:: WHAT THE TASK ASKS ::
None of the pictures should appear; the lines from the line containing "Afterglow - Gloucester" through the last line of the listing must be repeated exactly.

:: SOURCE DATA ::
------------------------------

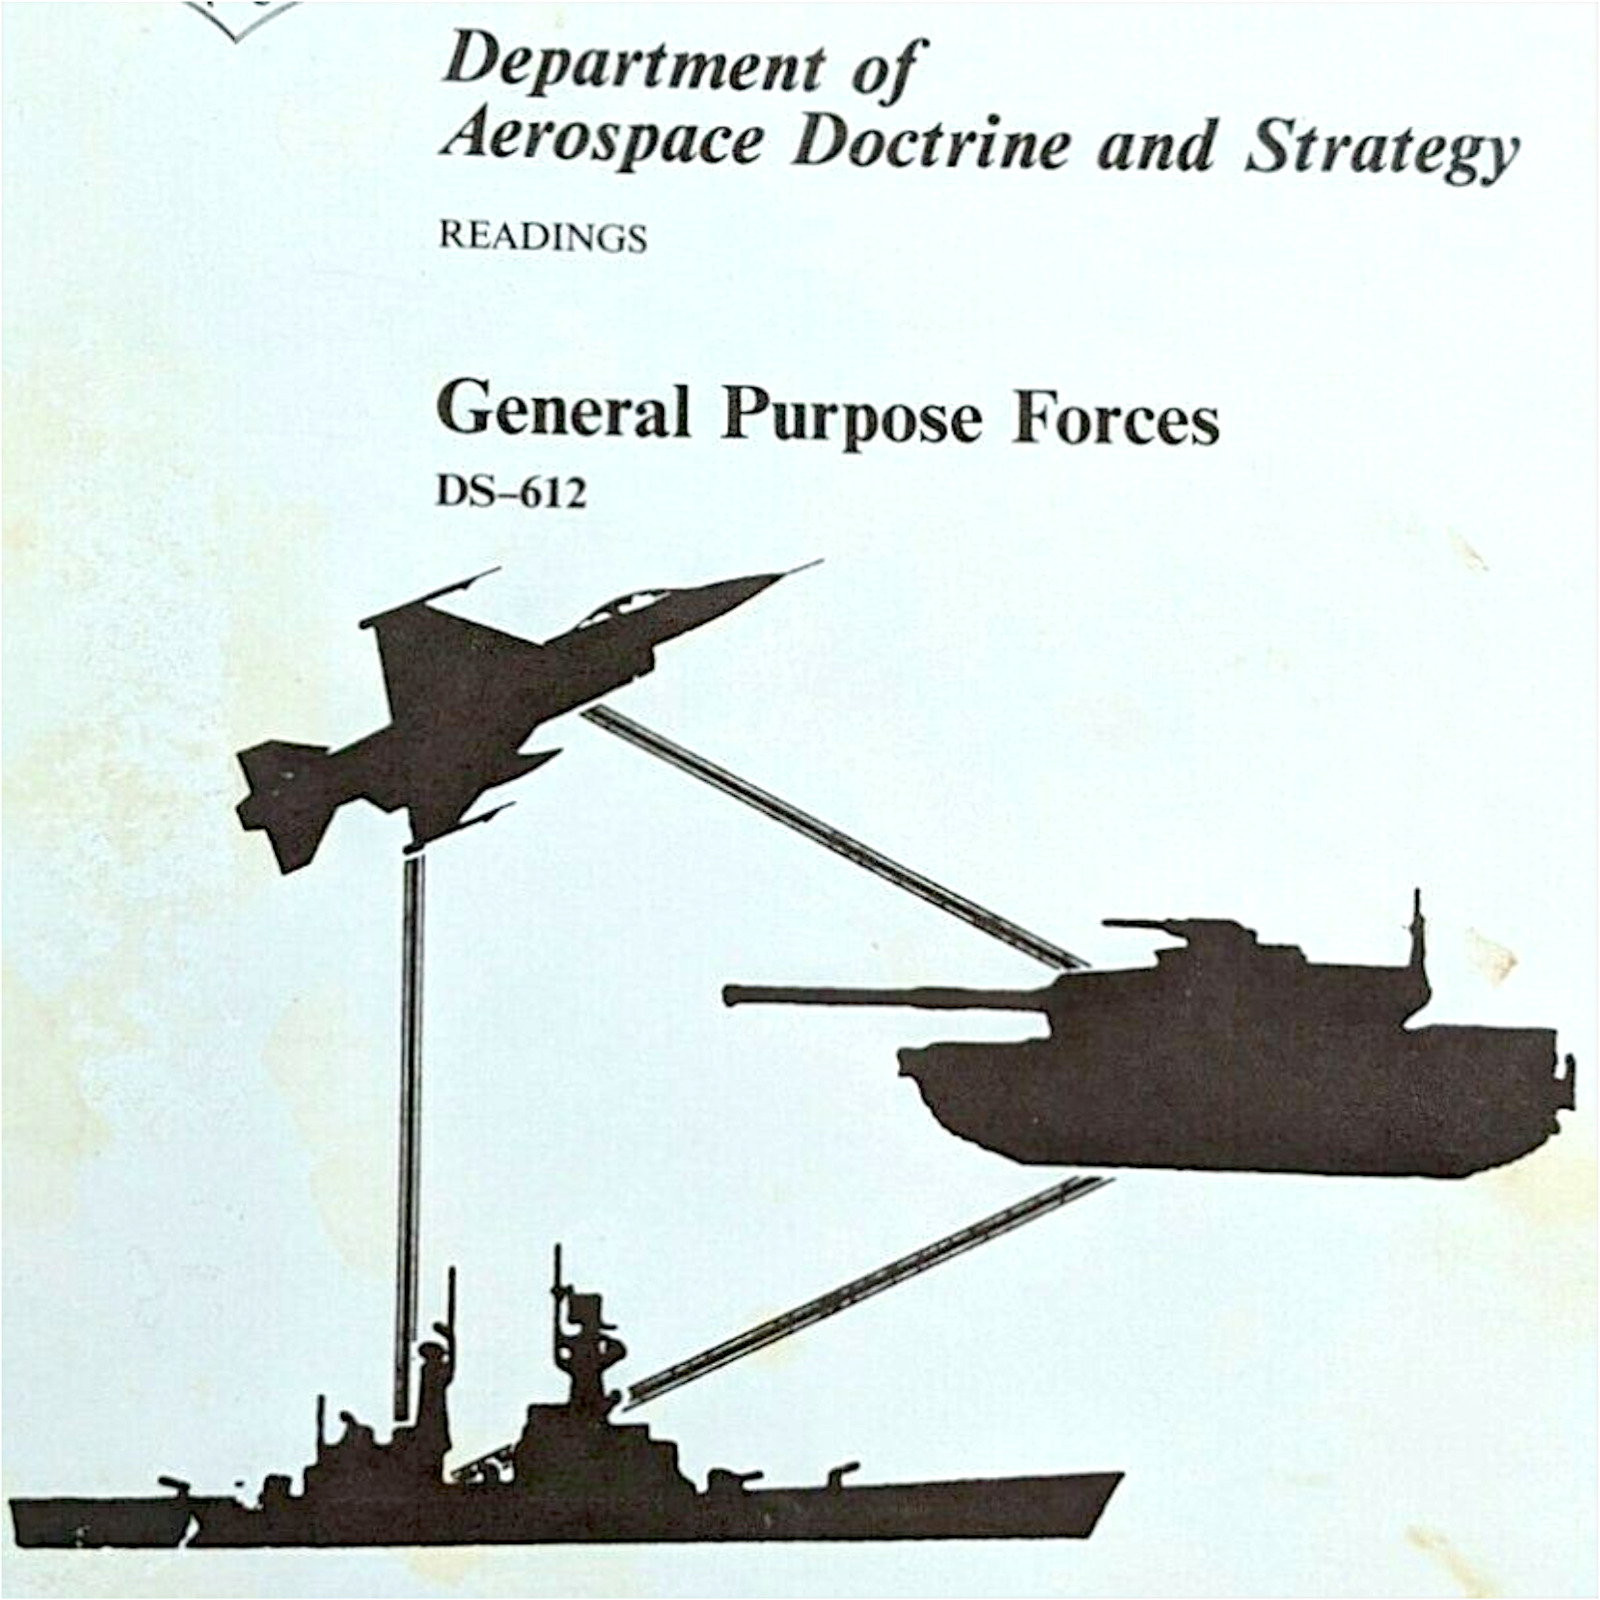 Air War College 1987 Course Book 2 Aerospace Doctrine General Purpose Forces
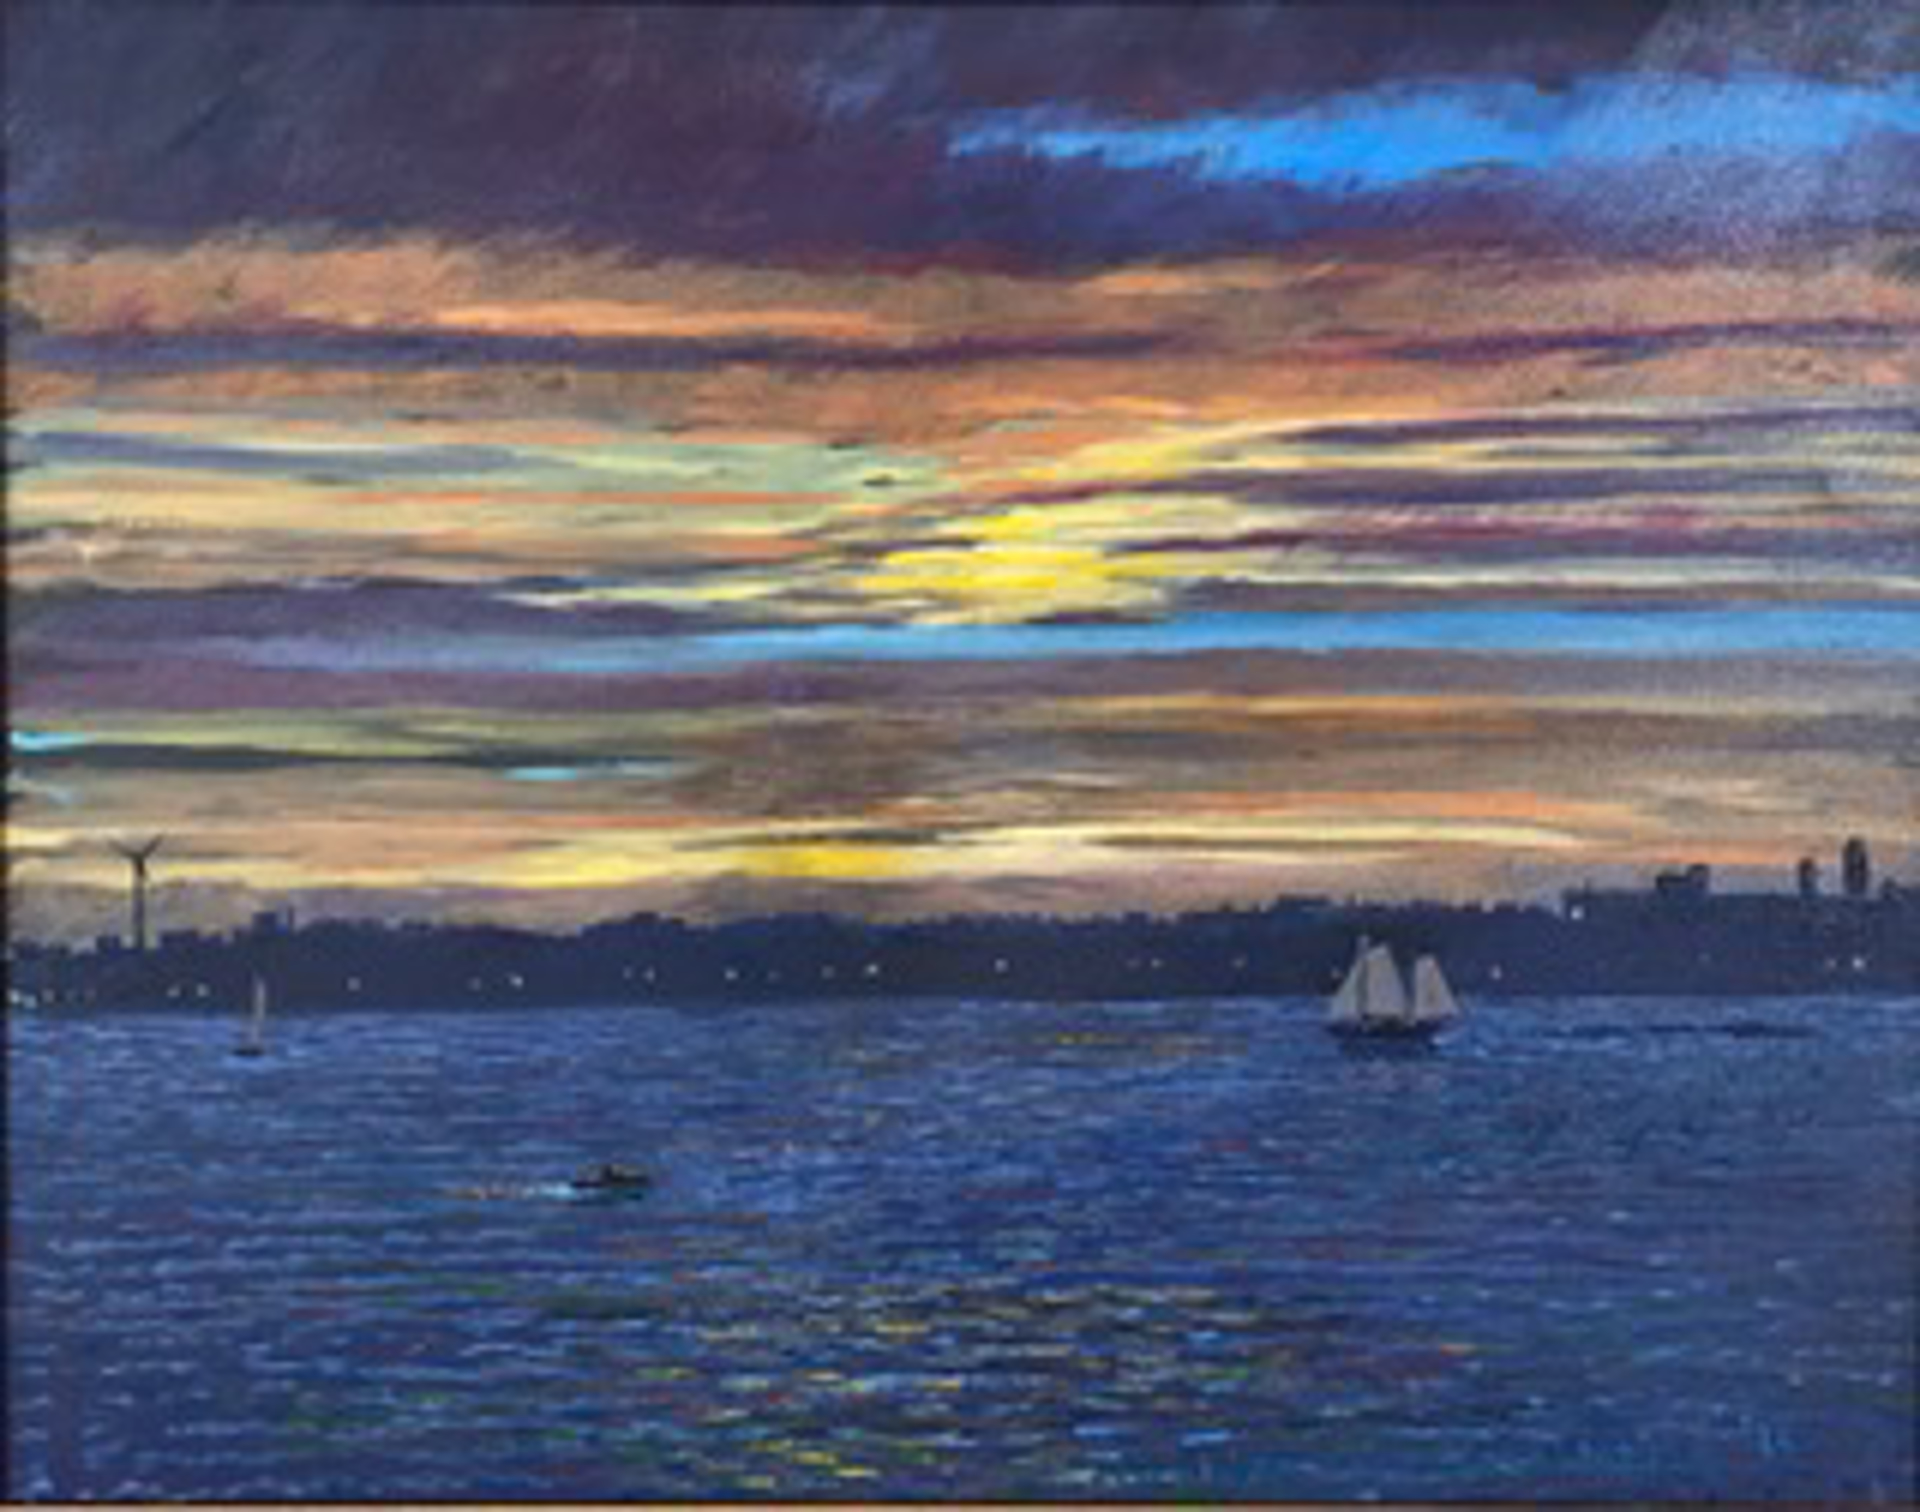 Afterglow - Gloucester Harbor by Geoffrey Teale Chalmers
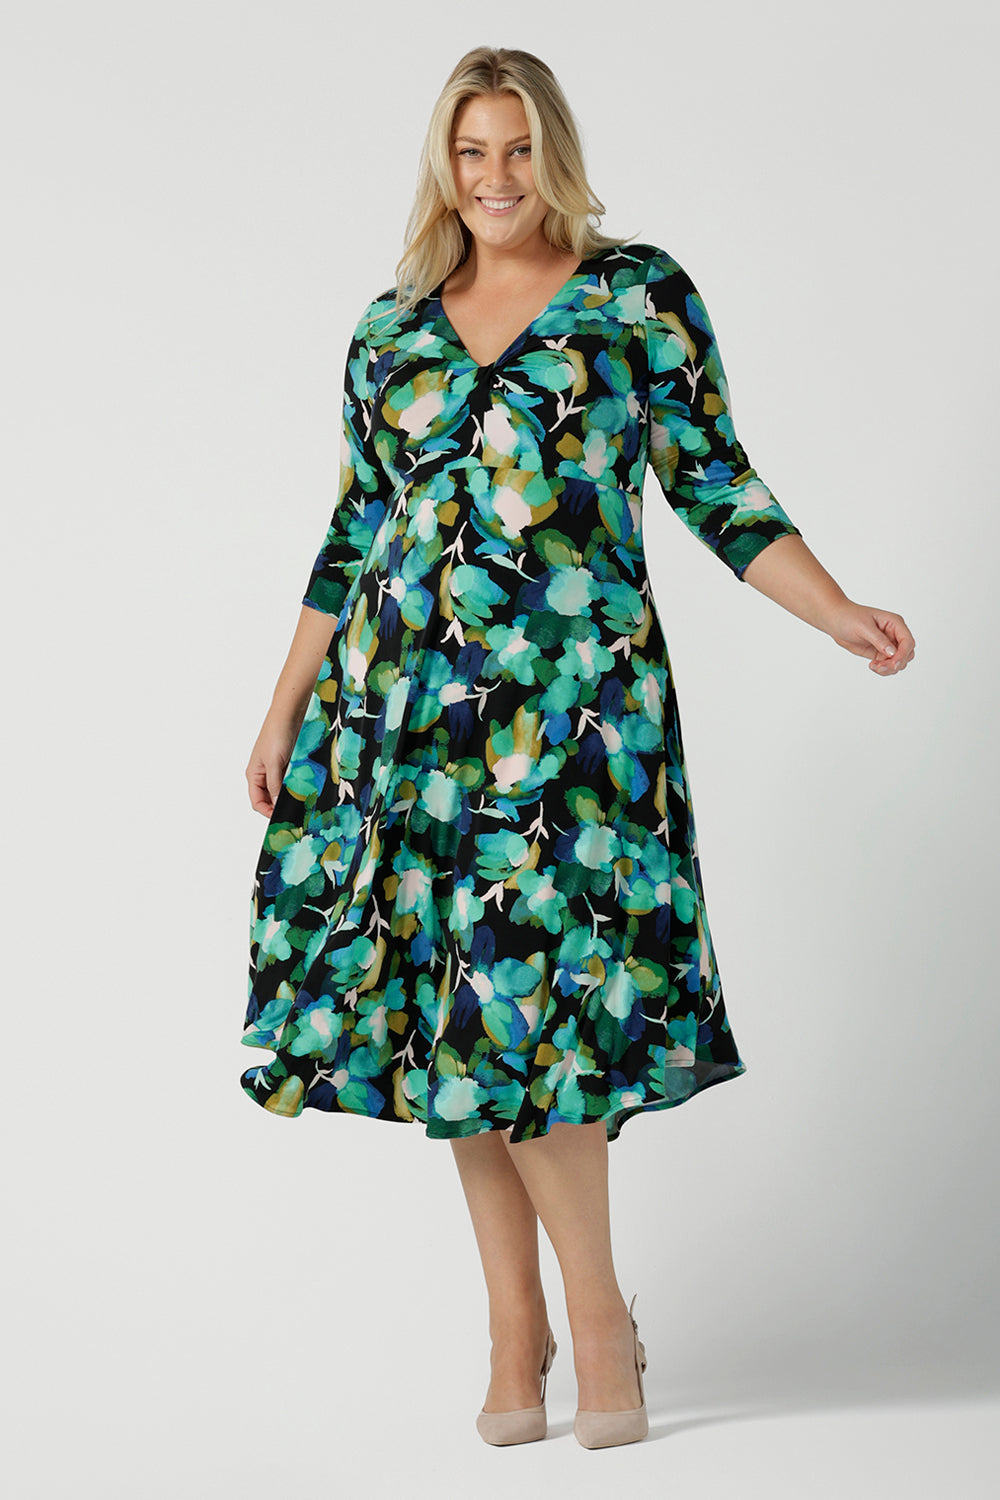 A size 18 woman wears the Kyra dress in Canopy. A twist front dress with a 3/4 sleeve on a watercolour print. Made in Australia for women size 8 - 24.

------------------------------

:: RESPONSE ::
 Afterglow - Gloucester Harbor by Geoffrey Teale Chalmers
 A size 18 woman wears the Kyra dress in Canopy. A twist front dress with a 3/4 sleeve on a watercolour print. Made in Australia for women size 8 - 24.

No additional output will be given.